> _Exercise description_: Lines from the first one down to the one containing "Conditions of Slavery" in the data below are the only ones needed; please return them exactly, both ends included.

> _Records from a data collection_:

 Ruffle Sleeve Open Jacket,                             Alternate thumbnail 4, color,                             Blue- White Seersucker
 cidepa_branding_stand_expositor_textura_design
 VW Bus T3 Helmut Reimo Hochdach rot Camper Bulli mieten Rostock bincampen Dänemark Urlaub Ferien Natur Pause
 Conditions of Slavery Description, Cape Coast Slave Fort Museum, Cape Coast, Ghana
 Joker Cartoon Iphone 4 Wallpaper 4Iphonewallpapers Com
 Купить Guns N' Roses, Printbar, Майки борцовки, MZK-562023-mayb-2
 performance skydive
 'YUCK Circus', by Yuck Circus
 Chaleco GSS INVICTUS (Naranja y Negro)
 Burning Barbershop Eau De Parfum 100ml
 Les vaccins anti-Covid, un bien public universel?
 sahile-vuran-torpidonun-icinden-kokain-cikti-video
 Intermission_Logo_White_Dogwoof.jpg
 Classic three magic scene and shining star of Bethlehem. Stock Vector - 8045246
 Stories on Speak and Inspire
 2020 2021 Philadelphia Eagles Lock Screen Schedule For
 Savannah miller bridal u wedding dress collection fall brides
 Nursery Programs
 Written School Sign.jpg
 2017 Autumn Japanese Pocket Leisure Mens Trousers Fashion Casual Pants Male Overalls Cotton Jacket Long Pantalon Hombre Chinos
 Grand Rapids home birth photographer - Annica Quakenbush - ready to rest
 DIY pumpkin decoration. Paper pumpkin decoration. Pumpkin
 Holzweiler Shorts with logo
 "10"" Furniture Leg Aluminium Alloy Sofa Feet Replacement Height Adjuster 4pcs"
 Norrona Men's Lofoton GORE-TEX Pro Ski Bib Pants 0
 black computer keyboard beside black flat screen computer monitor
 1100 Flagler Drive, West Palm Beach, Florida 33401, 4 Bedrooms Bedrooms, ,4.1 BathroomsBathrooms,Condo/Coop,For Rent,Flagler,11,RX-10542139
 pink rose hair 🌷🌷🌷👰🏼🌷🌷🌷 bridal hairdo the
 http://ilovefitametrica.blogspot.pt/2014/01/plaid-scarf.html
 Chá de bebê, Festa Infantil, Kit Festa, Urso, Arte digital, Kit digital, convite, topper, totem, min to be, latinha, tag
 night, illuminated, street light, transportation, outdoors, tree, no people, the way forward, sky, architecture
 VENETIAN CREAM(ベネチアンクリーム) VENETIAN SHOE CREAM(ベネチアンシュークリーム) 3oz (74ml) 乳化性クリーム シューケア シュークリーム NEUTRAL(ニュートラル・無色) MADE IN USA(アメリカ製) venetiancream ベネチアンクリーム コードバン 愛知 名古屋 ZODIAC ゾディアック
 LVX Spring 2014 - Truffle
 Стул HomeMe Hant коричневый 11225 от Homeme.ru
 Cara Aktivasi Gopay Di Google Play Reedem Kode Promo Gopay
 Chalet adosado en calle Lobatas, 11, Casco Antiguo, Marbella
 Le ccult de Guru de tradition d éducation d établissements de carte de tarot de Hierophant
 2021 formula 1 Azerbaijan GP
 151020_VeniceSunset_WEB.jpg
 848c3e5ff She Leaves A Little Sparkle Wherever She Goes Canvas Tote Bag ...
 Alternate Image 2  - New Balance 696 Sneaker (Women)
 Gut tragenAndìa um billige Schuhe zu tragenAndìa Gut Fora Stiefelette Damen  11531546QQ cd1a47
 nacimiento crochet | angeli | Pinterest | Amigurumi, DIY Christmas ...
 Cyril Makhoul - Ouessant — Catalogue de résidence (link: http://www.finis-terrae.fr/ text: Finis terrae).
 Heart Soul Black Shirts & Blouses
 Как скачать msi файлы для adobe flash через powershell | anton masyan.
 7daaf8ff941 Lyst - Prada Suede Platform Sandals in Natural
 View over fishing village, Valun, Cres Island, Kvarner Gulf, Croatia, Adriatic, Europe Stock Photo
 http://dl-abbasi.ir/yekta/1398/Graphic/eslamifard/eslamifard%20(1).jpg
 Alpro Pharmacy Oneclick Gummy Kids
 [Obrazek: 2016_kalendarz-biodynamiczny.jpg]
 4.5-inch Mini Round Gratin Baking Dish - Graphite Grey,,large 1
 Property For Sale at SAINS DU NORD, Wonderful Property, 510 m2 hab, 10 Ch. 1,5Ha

> _The completed task_:
 Ruffle Sleeve Open Jacket,                             Alternate thumbnail 4, color,                             Blue- White Seersucker
 cidepa_branding_stand_expositor_textura_design
 VW Bus T3 Helmut Reimo Hochdach rot Camper Bulli mieten Rostock bincampen Dänemark Urlaub Ferien Natur Pause
 Conditions of Slavery Description, Cape Coast Slave Fort Museum, Cape Coast, Ghana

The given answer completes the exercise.